I came across a recipe called CARAMEL CUSTARD FOAM

90g granulated sugar
250ml heavy cream
100 ml half and half
100ml milk
90g egg yolks
10g muscovado sugar
1.5 sheets gelatine, softened, rinsed and squeezed of excess moisture.

I don't understand what is 100 ml of half and half, need some help here?

Thanks


----------



## aguynamedrobert (Oct 26, 2006)

Half n half is just Whole Milk and Heavy Cream mixed together. It makes it so it has more fat than Whole Milk but Less than Heavy Cream. I believe the fat content is around 17.5 percent...I might be wrong but it is close to that....

-Robert
Chocolateguild


----------



## headless chicken (Apr 28, 2003)

The Half and Half I use at work is 10%.


----------



## aprilb (Feb 4, 2006)

If I had to 'make' half and half it would be half cream and half whole milk.

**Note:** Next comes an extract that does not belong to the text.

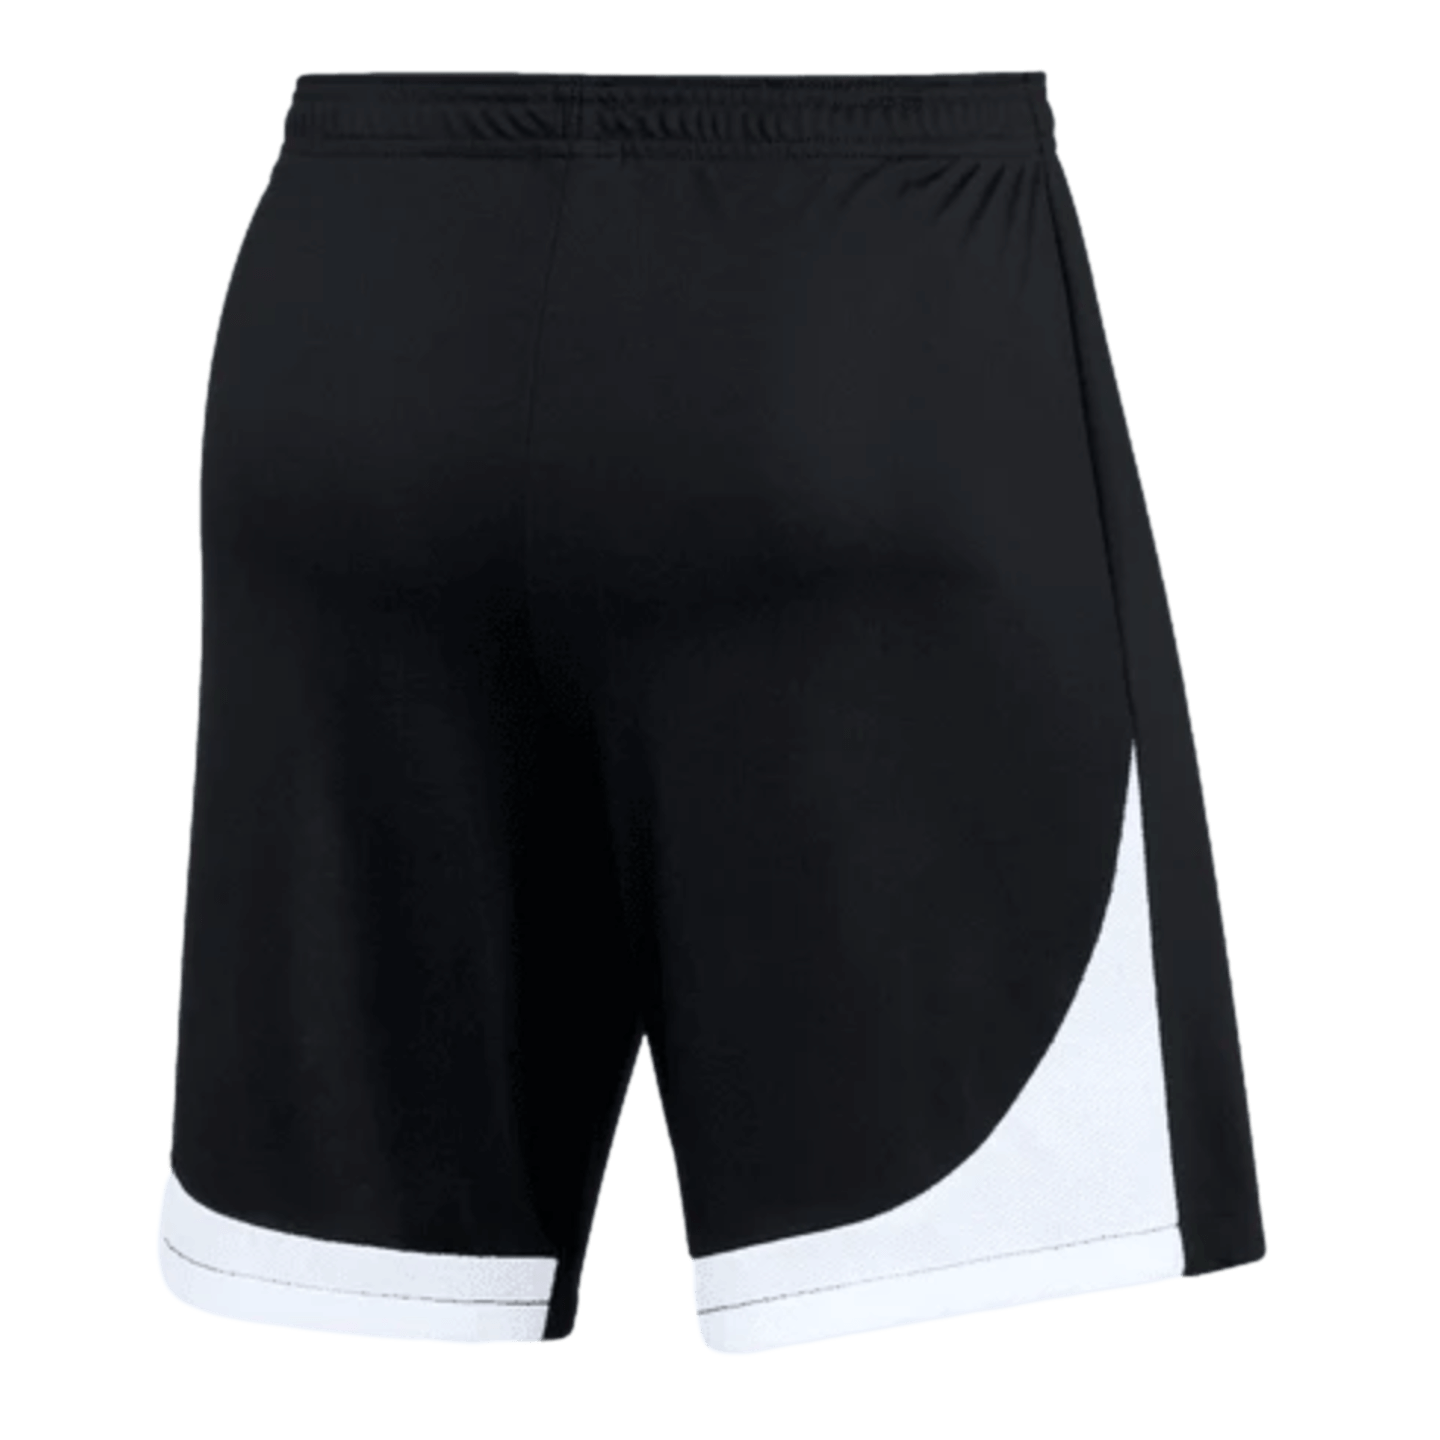 Nike Dri-FIT Womens Knit Shorts

The percentage of fat that you end up with...no clue. 

April


----------



## foodpump (Oct 10, 2005)

Most " half and half" is 10% butterfat. A.K.A. cereal cream, a.k.a. coffeecream. 
Have absolutely no idea why it's called half and half, but then again, I have trouble understanding recipies from the US that call for "sticks" of butter....


----------



## bobalu (Aug 3, 2005)

in the states, a "stick" of butter is 4 oz. One pound = 16 oz. so, a "stick" is 4
oz. I don't know how butter is packaged in Canada, but here it is in 4 individually wrapped pieces per pound


----------



## foodpump (Oct 10, 2005)

Thanks. It's weird. Canada went metric almost 20 years ago. Milk comes in 1, 2, and 4 liter jugs, sour cream and the like in 250gr, 500gr, and 1 kg packages, but butter? 
Ah, butter comes in 454 gr solid, foil wrapped blocks. Not 500 gr blocks, but 454 gr, which is exactly 1 lb. (and the displacement for large-block Chevy engines...)


----------



## blueicus (Mar 16, 2005)

Maybe it's because they still do manufacture quarter pound sticks of butter and so if we switched to 500 grams per butter they wouldn't be able to put them out as sticks anymore...


----------



## denice1991 (Nov 26, 2006)

im cooking a nice meal for my parents, to apologise for disobeying them, could u advise on anything that would be fitting for the occasion? denice


----------



## foodpump (Oct 10, 2005)

Blue, out here on the we(s)t coast no one has every heared or seen quarter sticks. Every dairy here in the west still puts out 454 gr blocks of butter, with no sticks. Imported butters from Europe naturally come in 250 gr blocks.


----------



## aprilb (Feb 4, 2006)

I think you need to post this in the welcome forum and ask the admins where it would be the most appropriate?

You'll get more responses.

April


----------



## aguynamedrobert (Oct 26, 2006)

Do you guys know what the FDA requirments for fat content are in Half n Half. I believe it has a specific range...10% being the lowest. I used to know the answer but I have forgoten...

-Robert
chocolateguild


----------



## steve a (Mar 13, 2006)

Here's a quick link for various milk product fat contents.

Ciao,


----------



## aguynamedrobert (Oct 26, 2006)

Perfect...I was trying to find a site like that but was having no luck the other day...thanks for the info...

-Robert
chocolateguild


----------